Of the many ET claims initially taken only 3 cases have been successful - Willis, Tattersall and Acheson (all represented by Nick Toms supported by UNITE) with "Aggravated Damages" being awarded because of the use of the blacklist.
The Steve Acheson and Tony Jones cases from Manchester ET last week were both reserved judgements and we await the decision. The history of decisions from Judge Brain in Manchester has never been positive to date.
Dave Smith written ET judgement arrived that day and was circulated - David Renton explained that the judgement is very useful and allows for an appeal to the EAT and the European Court of Human Rights (now being prepared but will take time and cost money).

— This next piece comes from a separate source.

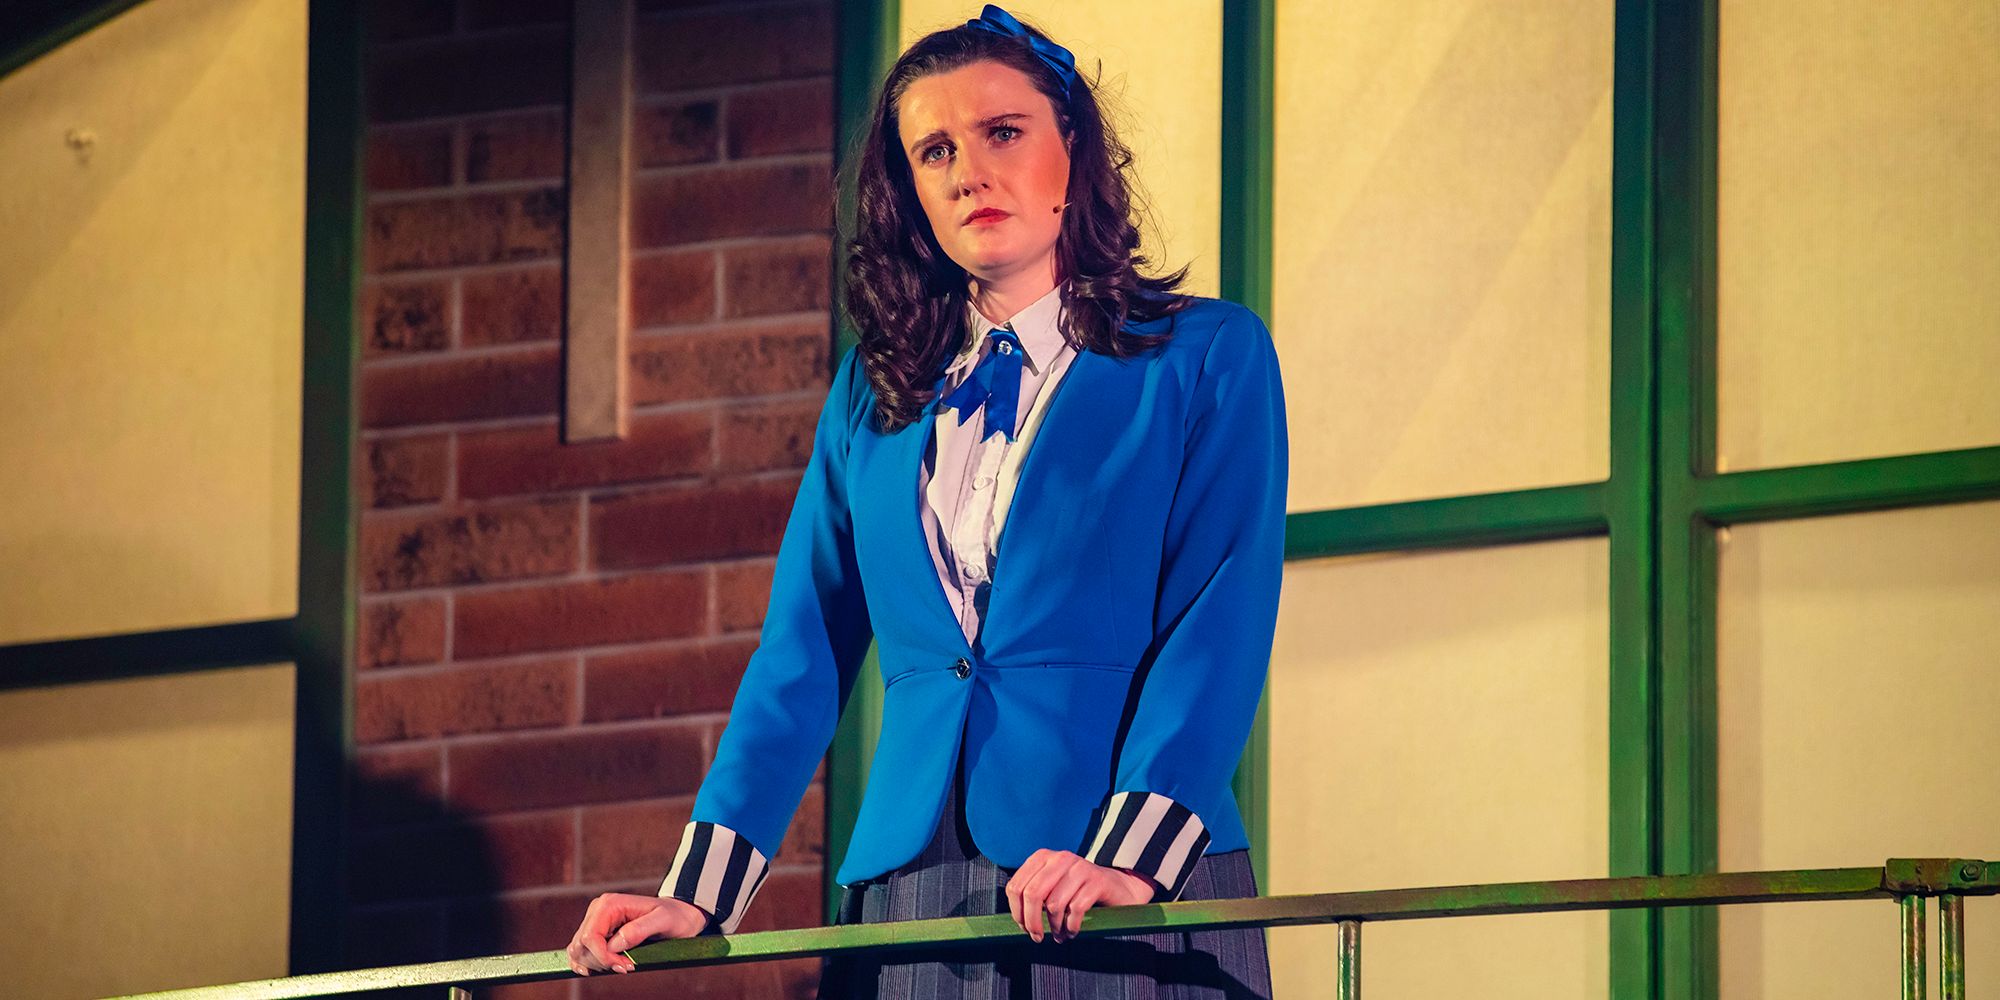 Heathers The Musical Review A BigHearted Tale With Tasteful Changes

UNITE have stated that they have won an ET claim under the new Blacklisting Regs
There are a tiny handful of ET claims still "live" in the system including Roy Bentham (UCATT member from Liverpool). Roy is representing himself.
Meeting agreed:
3.1 Ask the unions to revisit their attitude to all the live ET claims with the hope that they will support the small number of claims still running (even if they lose, they may generate a few more ECHR cases)
3.2 Circulate the latest ET judgements
4. UNITE Data Protection claim
UNITE are advertising on their website for blacklisted members to contact the union who are intending to take individual stand alone data-protection claims. At least one claim has so far been lodged.
Meeting agreed:
4.1 Encourage UNITE members to contact the union.
5. Scottish Parliament
Phil Chamberlain explained that Drew Smith MSP (Labour Shadow Justice Secretary) has raised the issue of a public Inquiry in the Scottish parliament with similar non-committal responses from the Holyrood government.
Meeting agreed:
5.1 Anyone from Scotland or with Scottish connections (relatives or freinds) should contact their MSP
6. Europe
Glenis Wilmott MEP (Labour Leader in Europe) and Stephen Hughes MEP have managed to get an anti-blacklisting amendment inserted into a Report on Health & Safety which has been passed at the European parliament. The amendment is based upon information suggested by Professor Keith Ewing
Meeting agreed:
6.1 Pass on sincere thanks for work being done in Europe.
7. High Court claim
John Townsend and Liam Dunne from Guney Clark & Ryan solicitors held a private session with their clients to update them about progress in the High Court claim.
Meeting agreed:
7.1 To encourage blacklisted workers to contact GCR direct to discuss the case
7.2 BSG will provide updates when appropriate
8. AOB.
Lawyers to draw up a list of methods by which individuals may be able to access unredacted files. Once complied this will be circulated.